### [Dataset content]
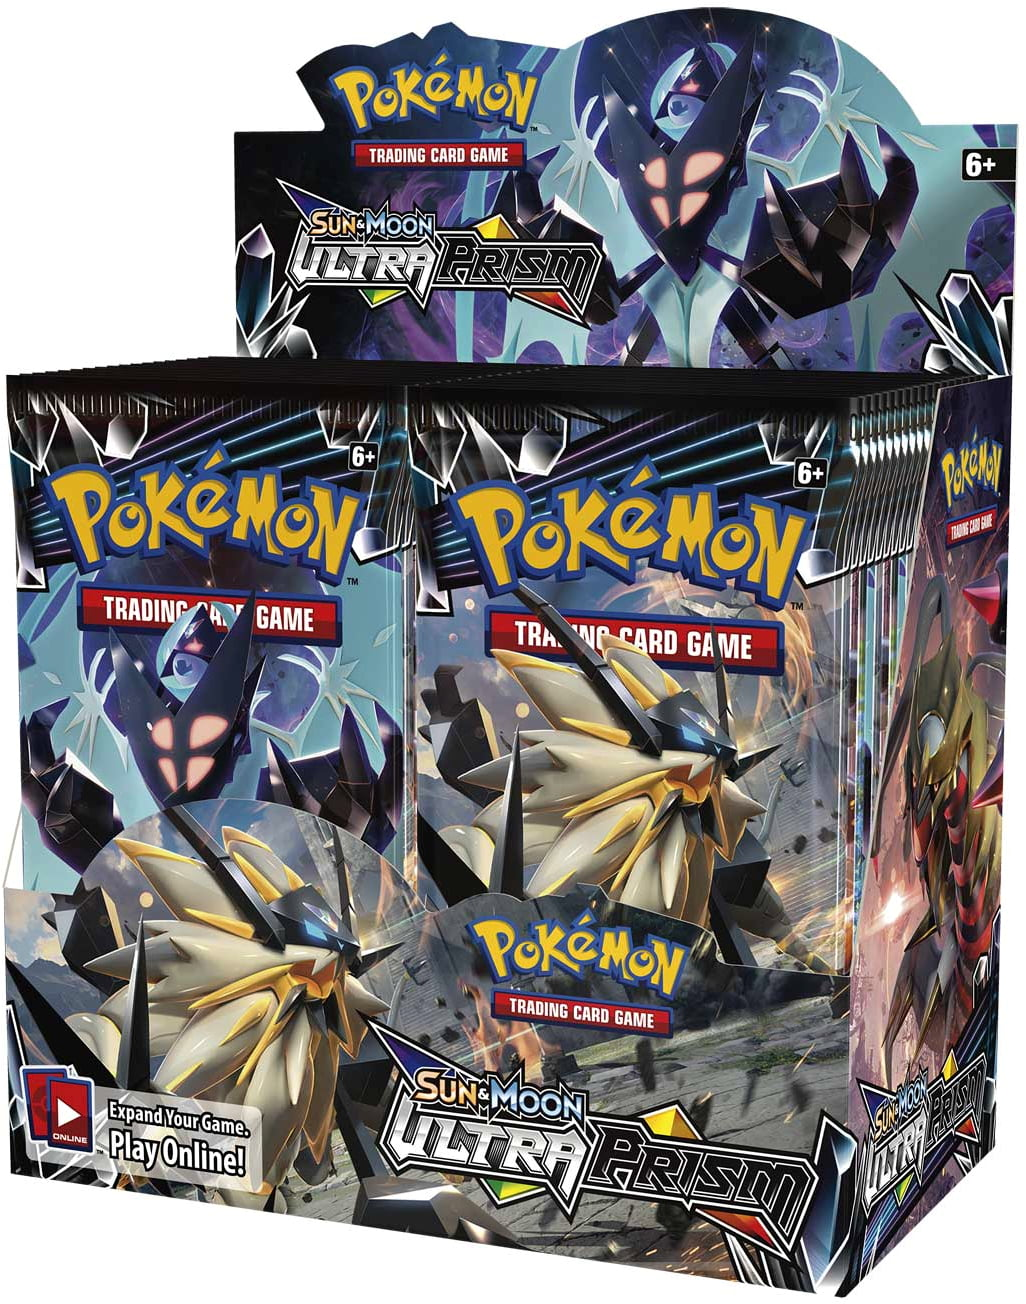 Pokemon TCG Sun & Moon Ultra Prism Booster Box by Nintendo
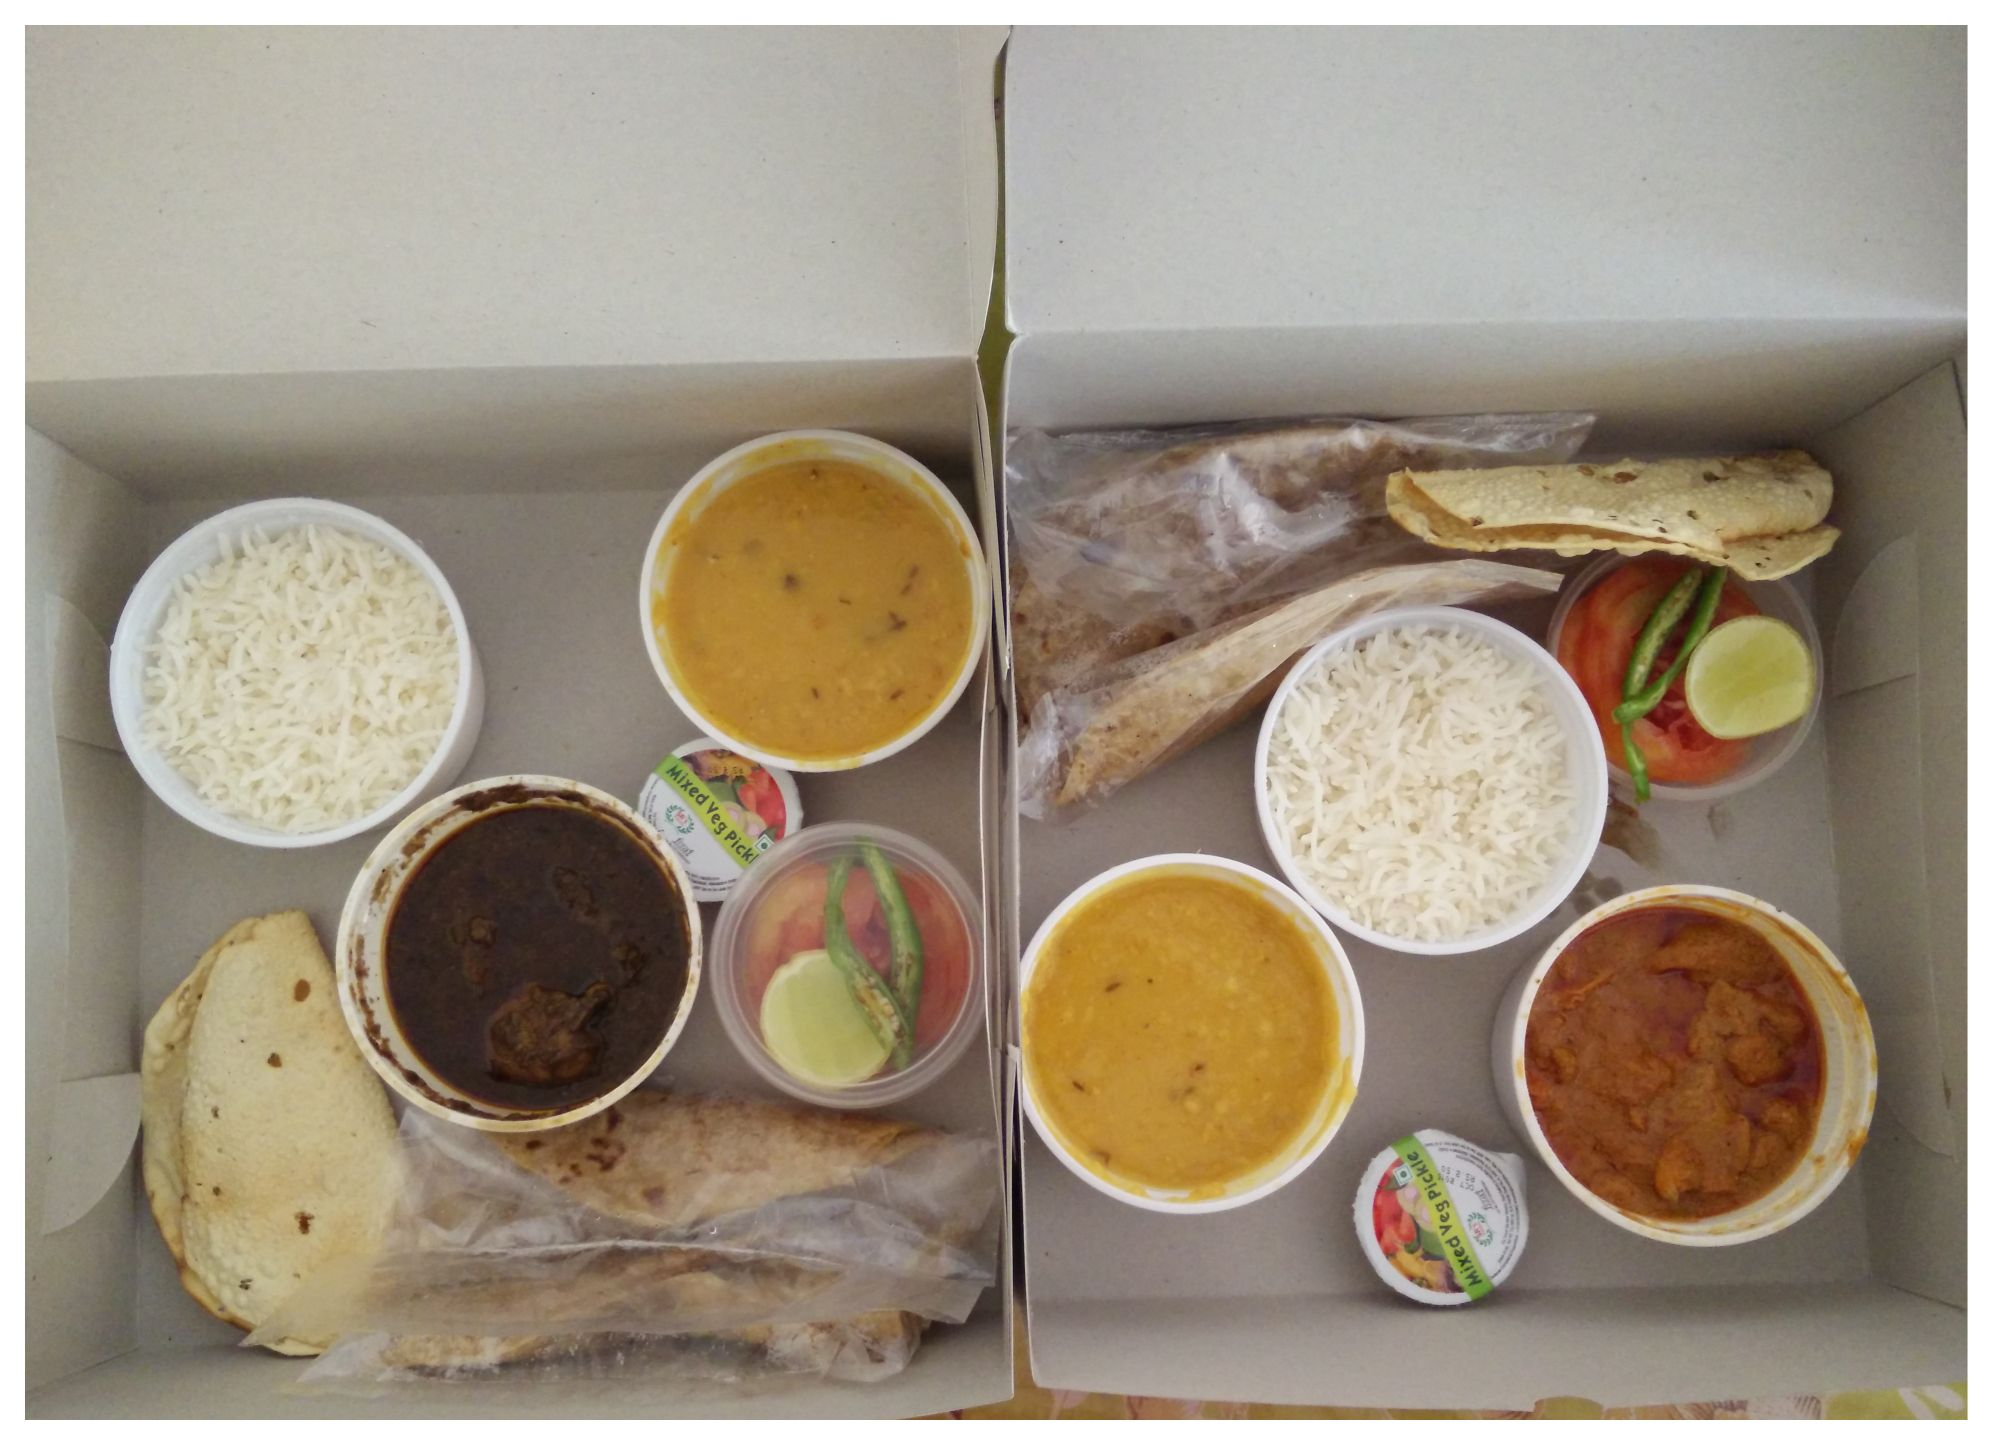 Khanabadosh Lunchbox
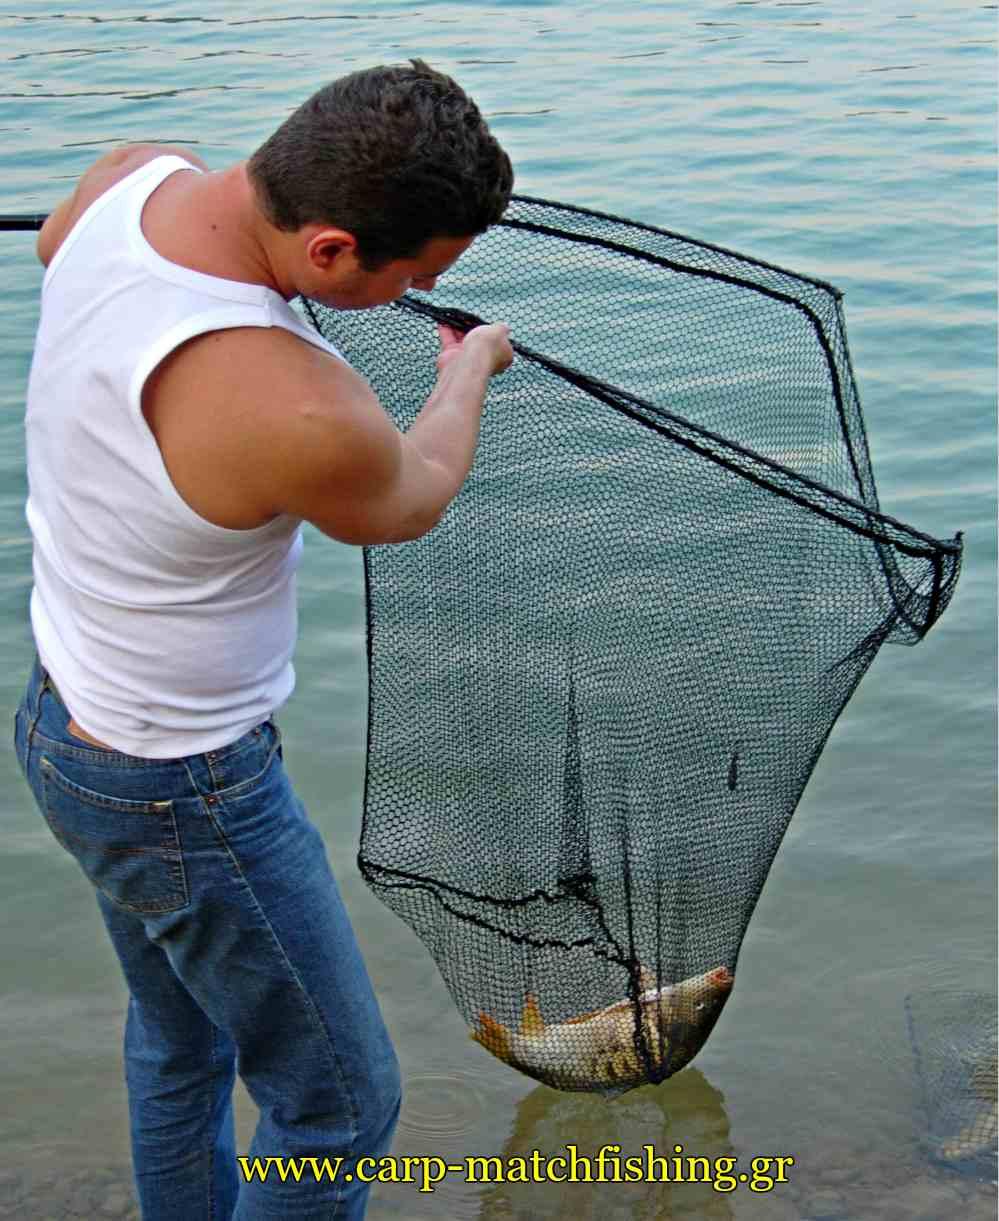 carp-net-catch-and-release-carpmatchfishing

### [What to do]
Every line from the one that holds "Khanabadosh Lunchbox" to the end of the listing should be output exactly, with pictures left out, please.

### [Task response]
 Khanabadosh Lunchbox
 carp-net-catch-and-release-carpmatchfishing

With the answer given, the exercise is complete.